- Por que os ingleses fazem selfies e os chilenos fazem ‘footies’?
- Por que a mídia social é considerada uma distração para a educação na China rural, mas uma ajuda de aprendizagem valiosa no Brasil?
- Por que as mídias sociais não são tão revolucionárias para a política mas têm empoderado mulheres em países como Índia e Turquia?
Estes são apenas alguns dos temas explorados em “Por que postamos”, curso originado de um projeto de pesquisa de mídia social global realizada por uma equipe de antropólogos da University College London
Posts, selfies, memes.
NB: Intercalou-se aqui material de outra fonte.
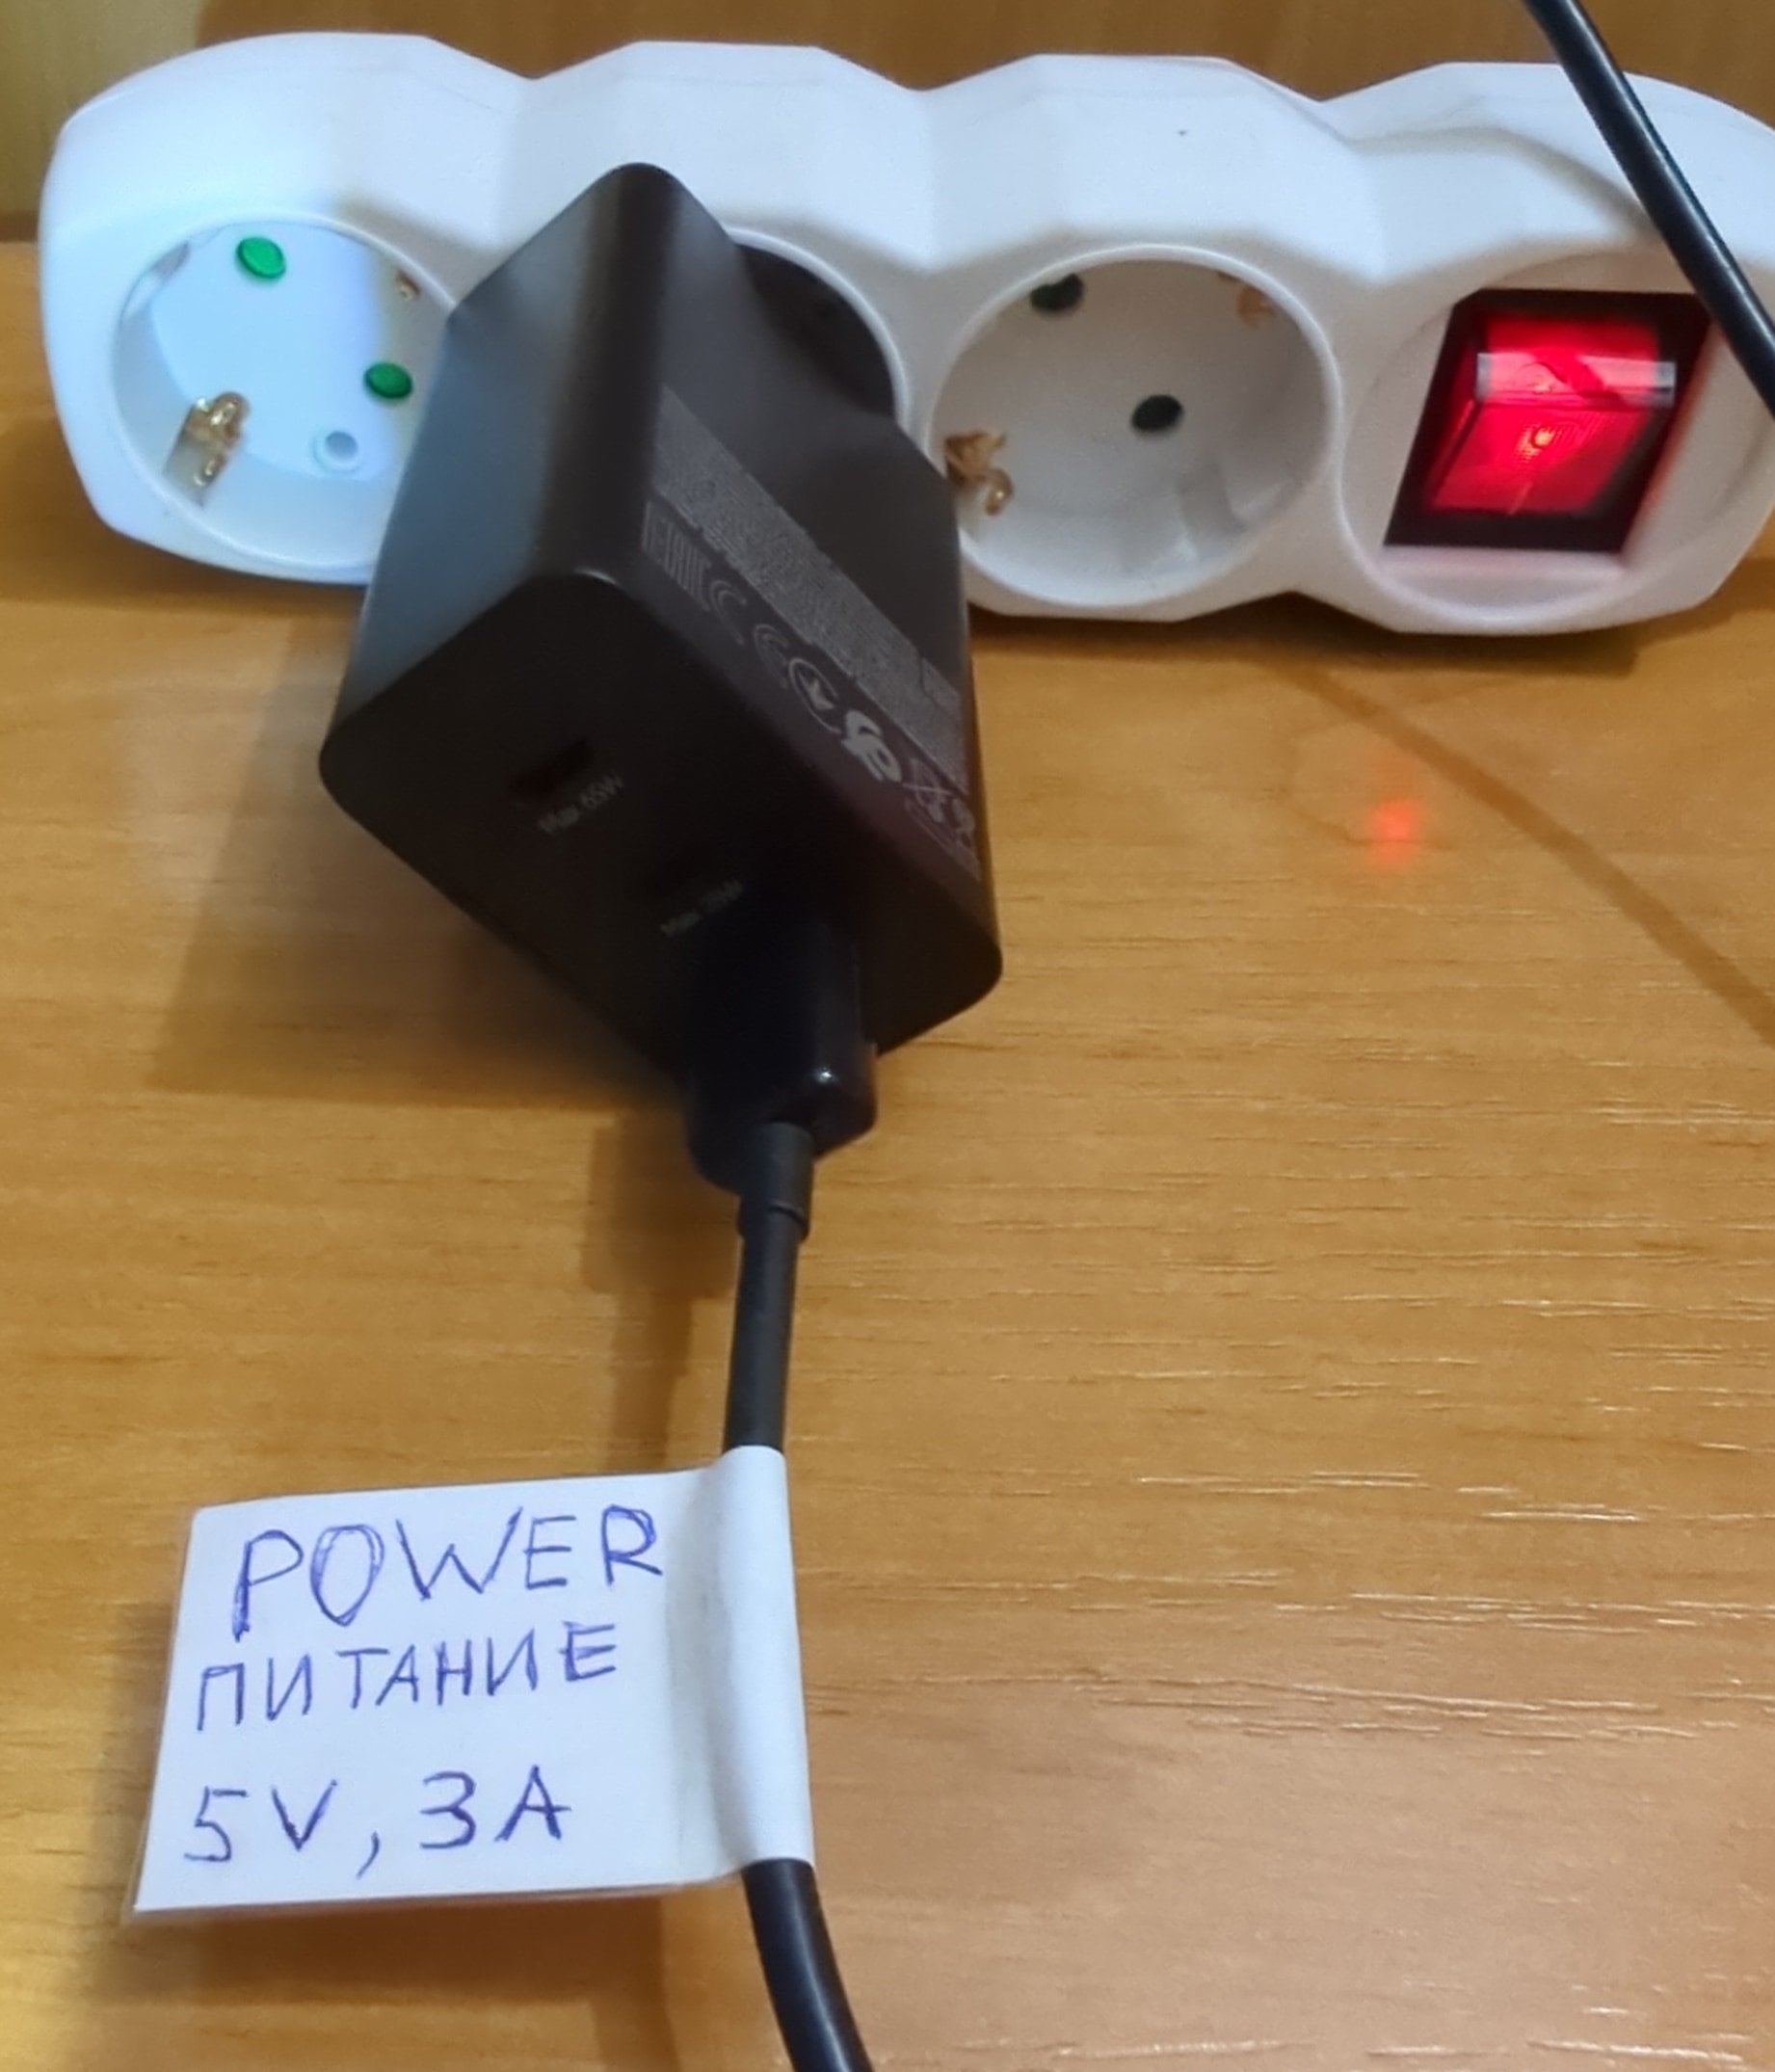 USB-A power cable connected to the power 5V 3A adapter.

Palavras que se fazem cada vez mais presentes no vocabulário do dia a dia de qualquer população do globo com acesso a internet e conta em redes sociais. Hoje, as mídias sociais ganharam relevância incontestável, sendo fonte de novos comportamentos, originando debates, repercutindo fatos e ecoando a mentalidade de uma sociedade. E seus conteúdos variam consideravelmente de região para região, refletindo uma visão de mundo local. Se, para muitos as mídias sociais decretam o fim da privacidade, para os chineses, por exemplo, ela pode ser uma das poucas oportunidades de preservá-la. Na Índia e Turquia, as mídias sociais são utilizadas como instrumento de empoderamento das mulheres, em duas sociedades com forte estratificação de gênero.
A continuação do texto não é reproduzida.